Solid waste generally has a high content of organic material, thus providing breeding grounds for micro-organisms and disease-bearing insects. The organization and environmental behavior of waste removal is problematic in the way that the individual incentive for disposing of waste in a sanitary way is limited.
Motorized vehicles constitute environmental problems in as much as they contribute to traffic accidents, air and noise pollution and in this way, they are a risk to human health. Road-traffic accidents are the most important cause of unintentional injury. Regarding air pollution, the emissions from transport are released close to the ground where human exposure is higher, and these may, just as indoor air pollutants, have a disproportionately high impact on human health (KjellÈn, 2001: 28). Furthermore, in urban areas, the largest source of noise is traffic-induced noise, which accounts for 80% of all communal noise sources. Traffic noise caused by road traffic is the most common type of noise in urban areas and as such poses a serious health problem (Sanja Grubesa, and Suhanek, 2020).
Settlements adjacent to farms and gardens can also be in risk from unintentional spraying. Pesticides may also affect water supplies. The major threat posed by pesticides in developing countries is acute poisoning, estimated at 3 million severe incidents per year, with some 220,000 deaths (Hogstedt and Pieris, 2000).

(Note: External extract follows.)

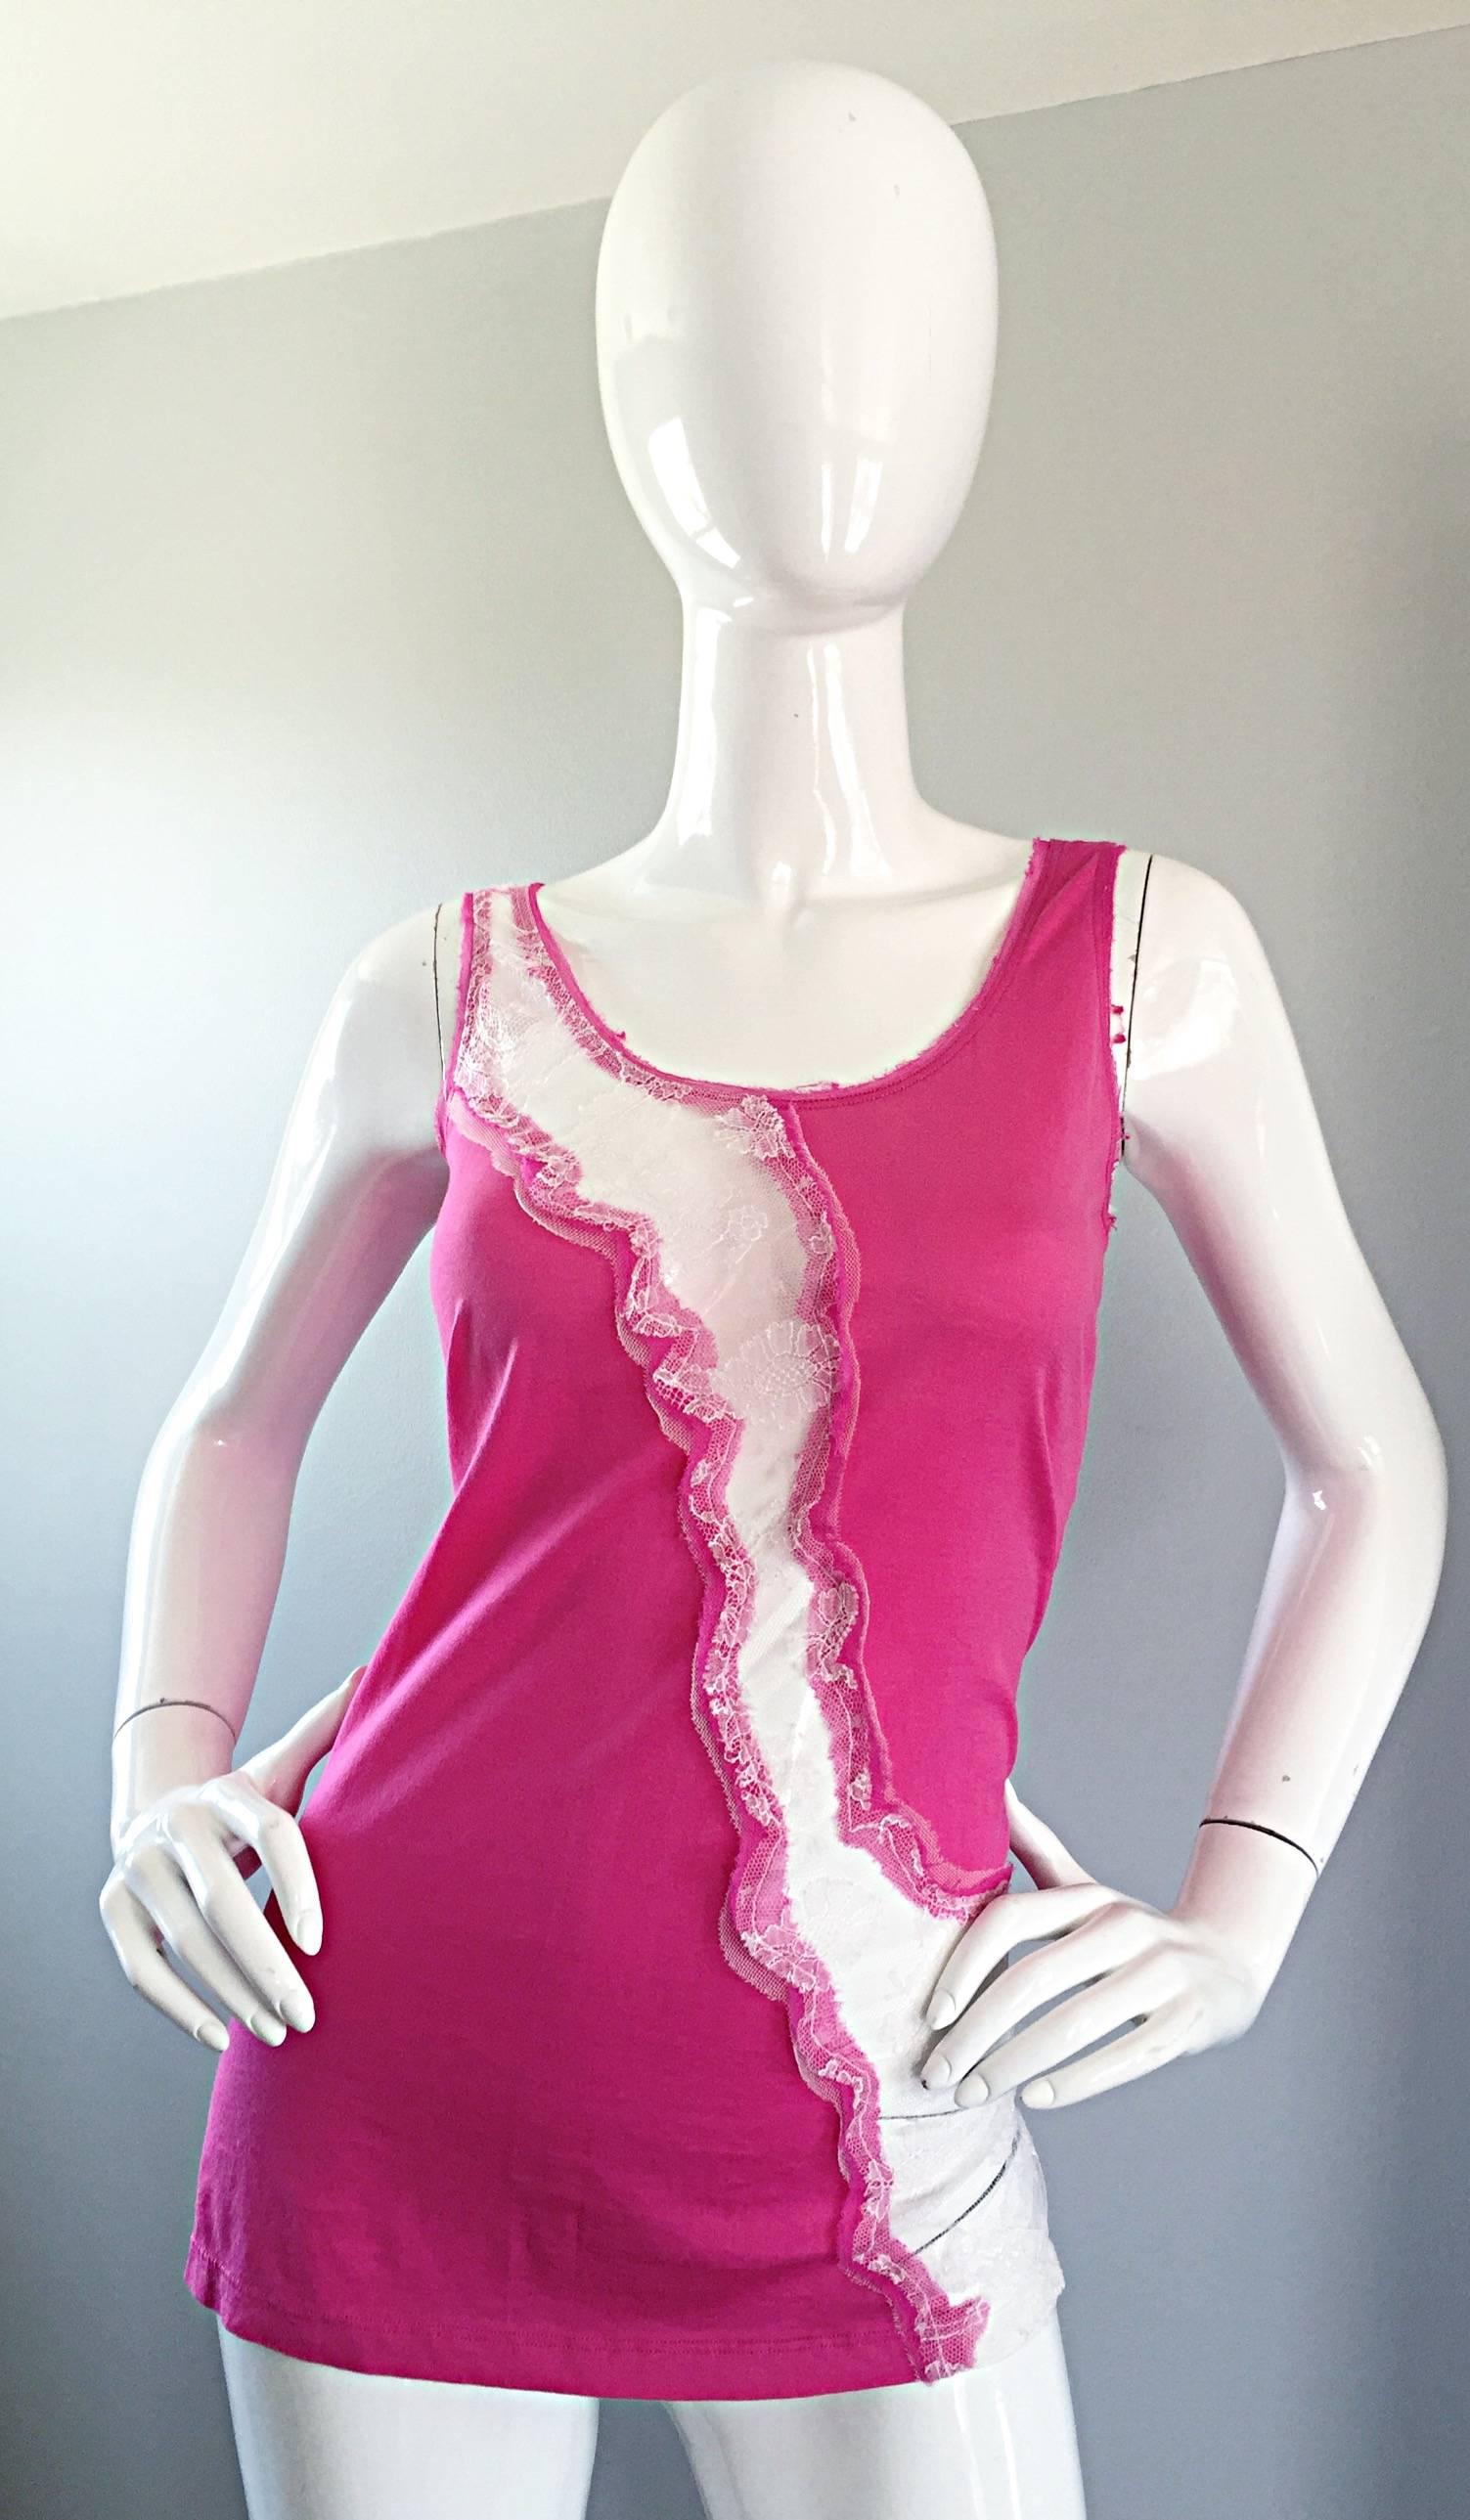 John Galliano Hot Pink + White Sleeveless Cotton Blouse w/ Lace Cut - Outs  For Sale 2

Although, some rivers run across cities, provide attractive landscape and recreational services, they can affect the health of users or people living near them. Along rivers, animals such as dogs, cats, mice, and snakes may be encountered and insects such as flies, mosquitoes, bees, tarantulas, scorpions are usually more abundant than places far from rivers (McCabe, 2011). Surface water pollution can however be a direct means of disease transmission for people working in or near the water. In many rivers, pathogens, decomposable organic matter, organic micropollutants, suspended solids or trace metals are becoming increasingly problematic swimmers or children playing by the shore (WHO, 2016).

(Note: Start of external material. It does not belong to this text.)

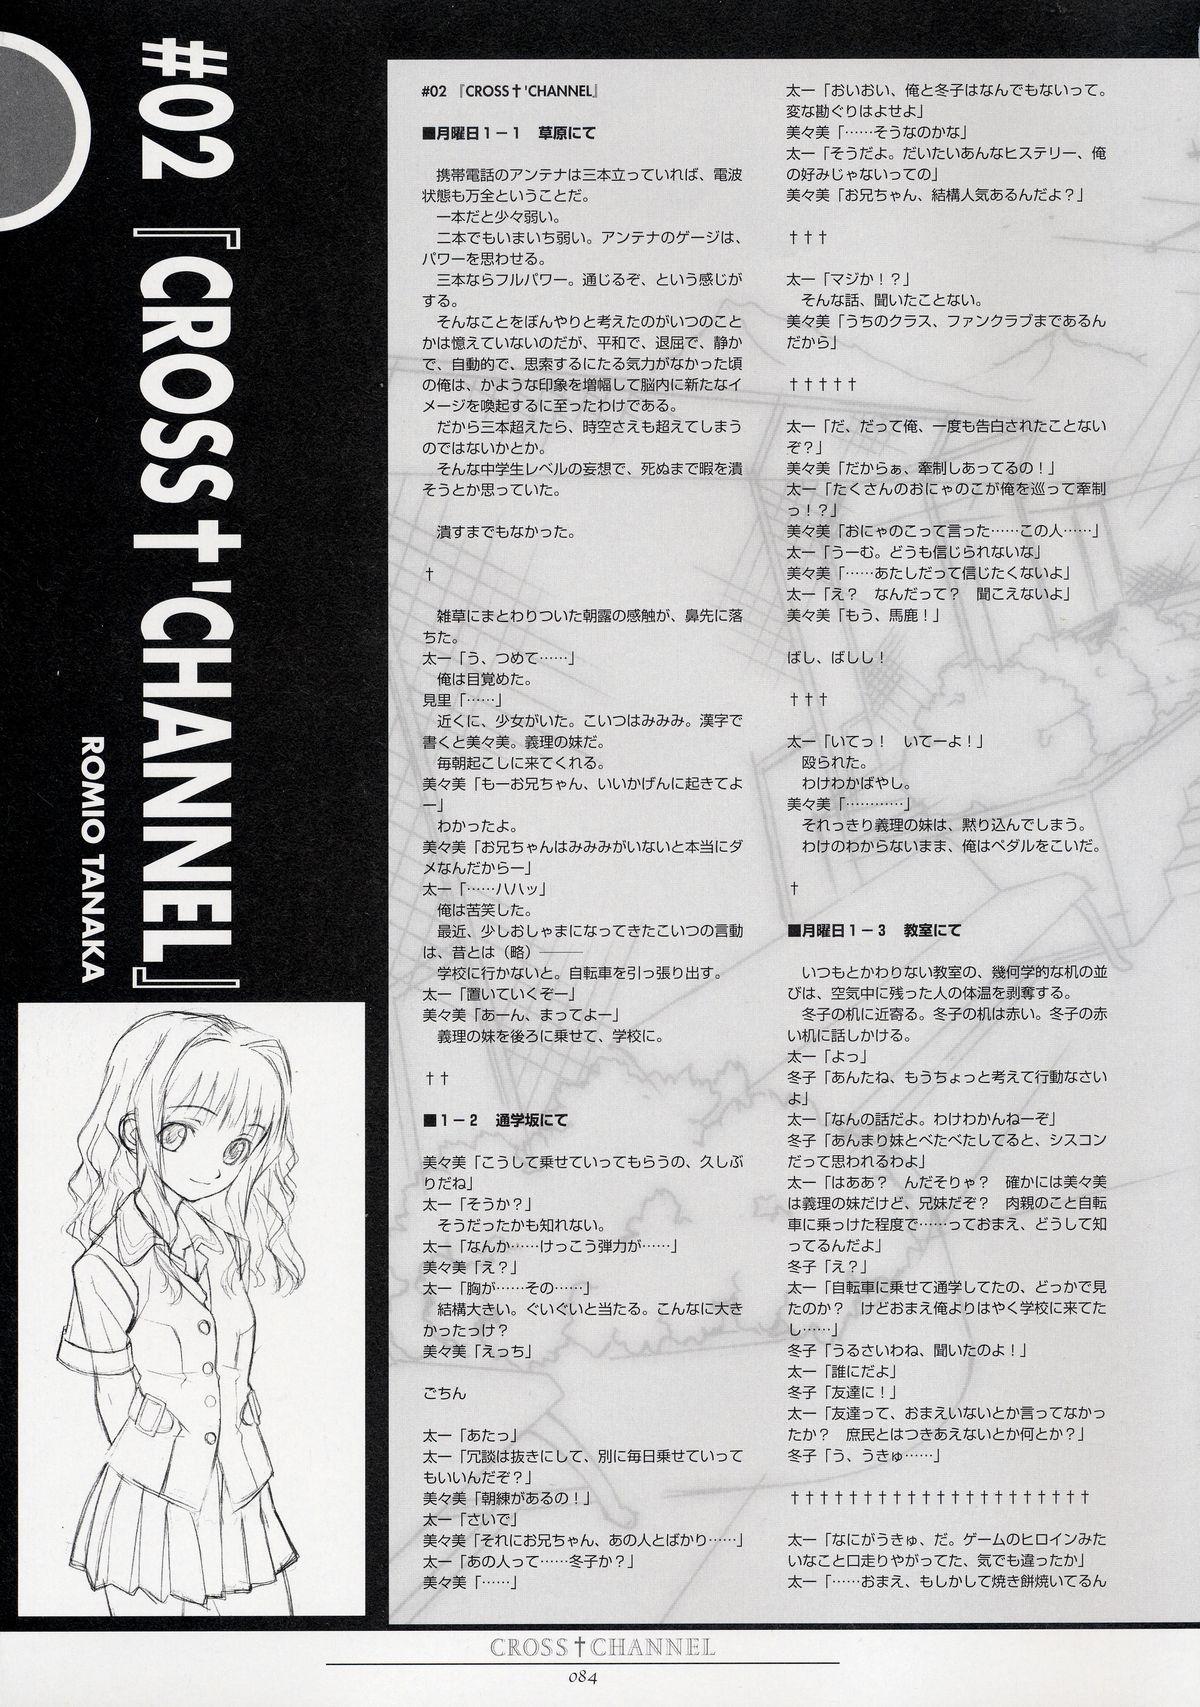 CROSS†CHANNEL Official Setting Materials 94

Unlike the mentioned health risk factors, accessible green space has long been recognized as a wider environmental determinant of good health. Wide ranging research shows strong evidence that outdoor spaces have a beneficial impact on both physical and mental well-being (Greater London Authority, 2013).

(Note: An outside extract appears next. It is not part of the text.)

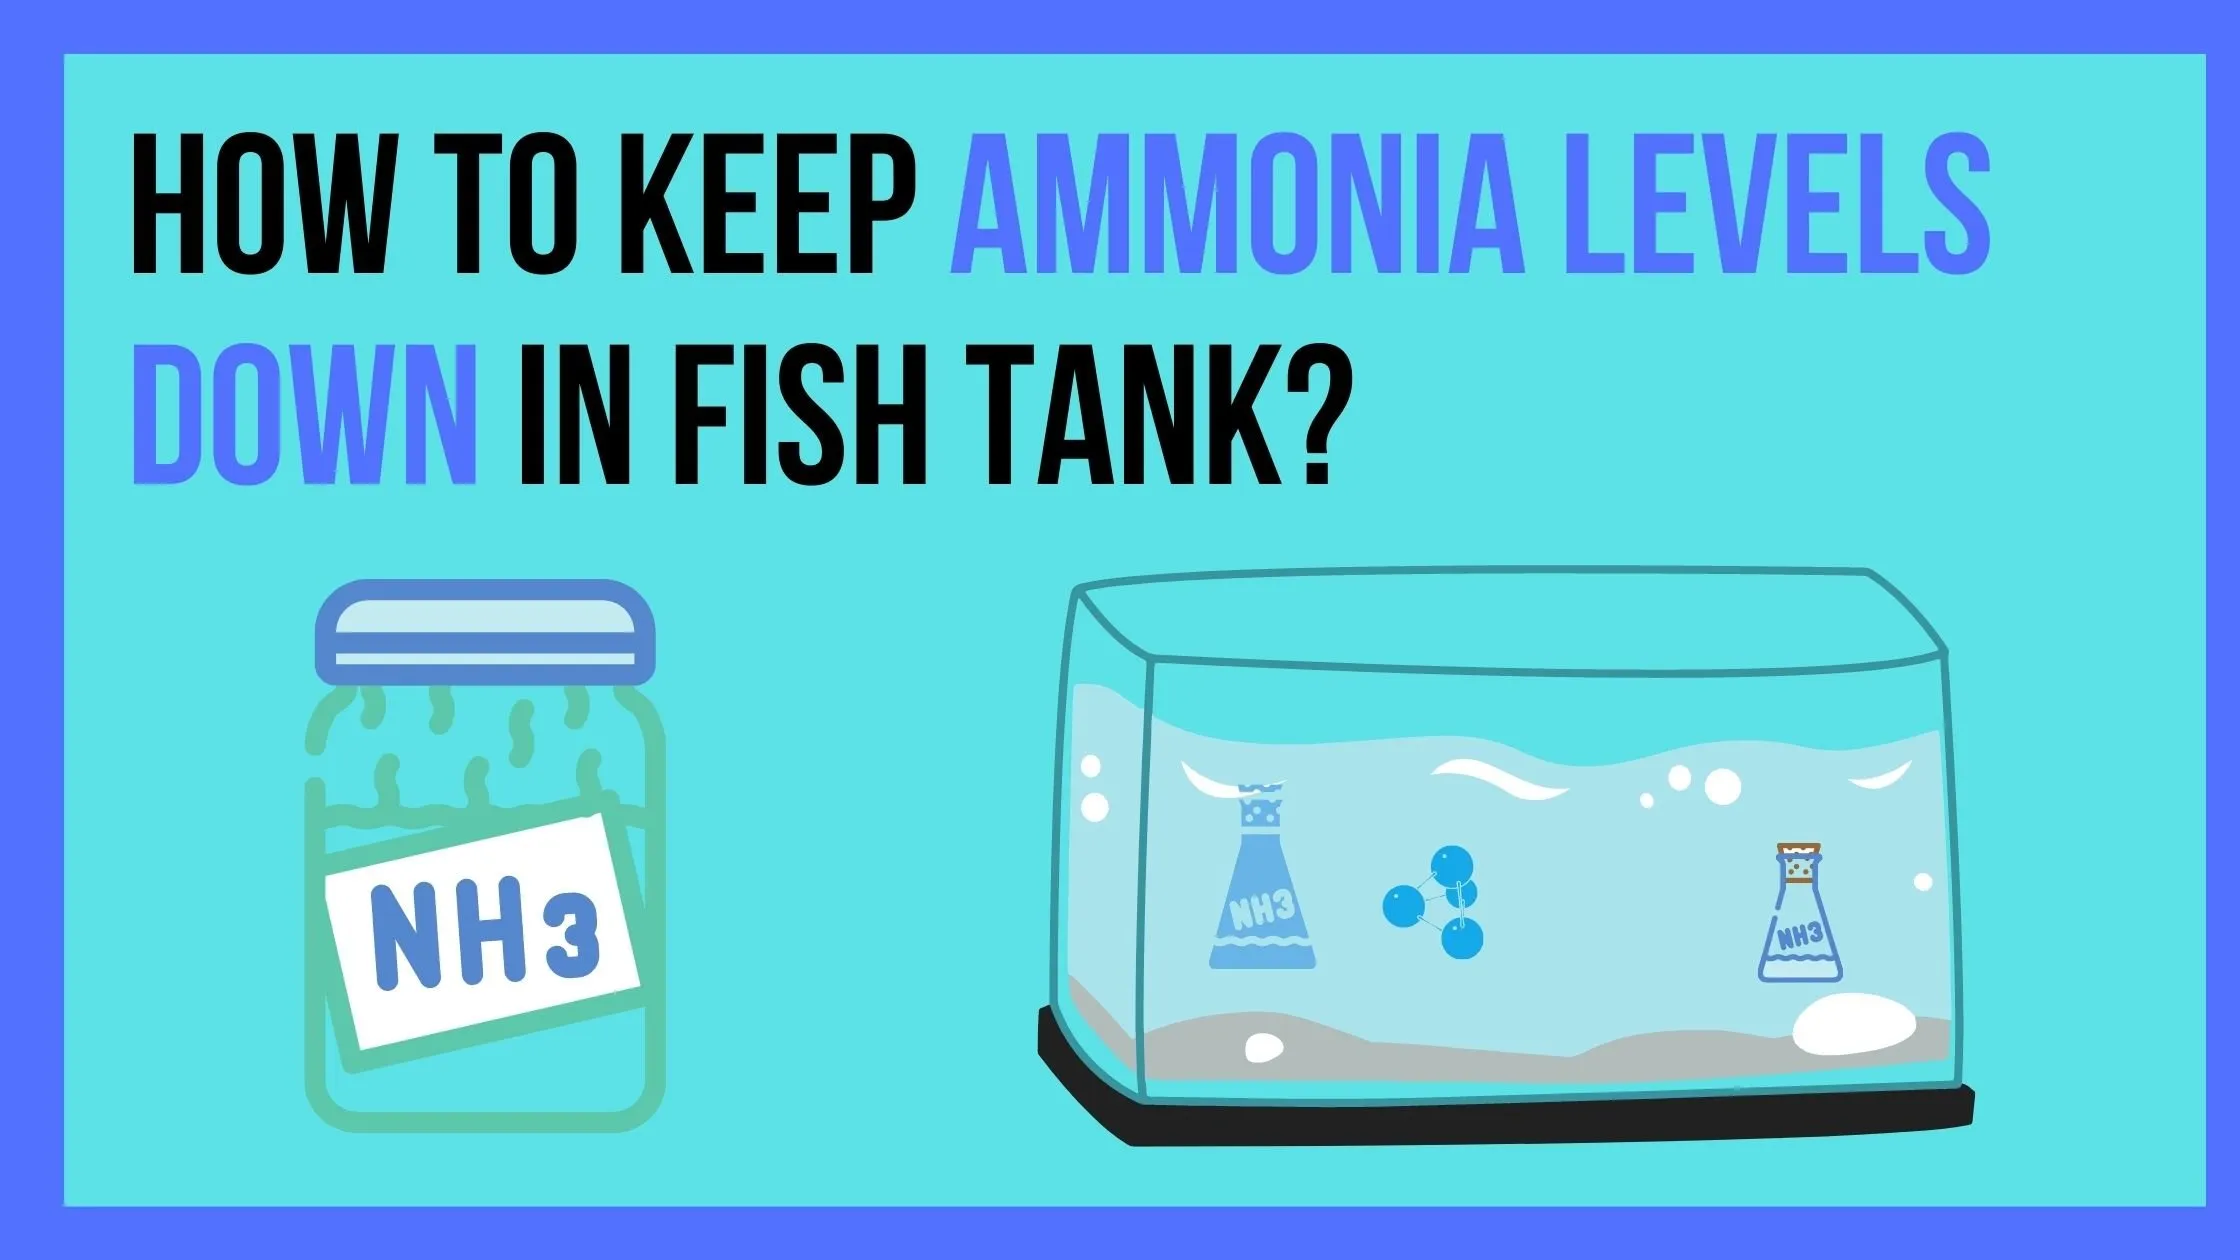 How to Keep Ammonia Levels Down in Fish Tank

Environmental issues, some of them mentioned, affect our health and have been one of the most significant triggers in the increasing awareness of the need for better environmental management. This paper aimed to investigate environmental health indicators and spatial inequality of environmental health in Hashtpar city, Iran. Due to several reasons, investigating the subject in the study area is important. The first is the diversity of geographical factors thorough out the city with an area of only less than 1380 ha: a river flowing across the city, a main crowded regional transportation axis crossing it, and the city is surrounded by farms, gardens and forests. The second one is unplanned growth of the city in recent decades that cause to appear informal settlements in part of the city, and the third reason relates to its climate. In Caspian coastal lands of Iran, warm or temperate and humid climate, high population density and paddy fields and gardens, have caused an abundance of insects, animals and disease carriers that threaten human health.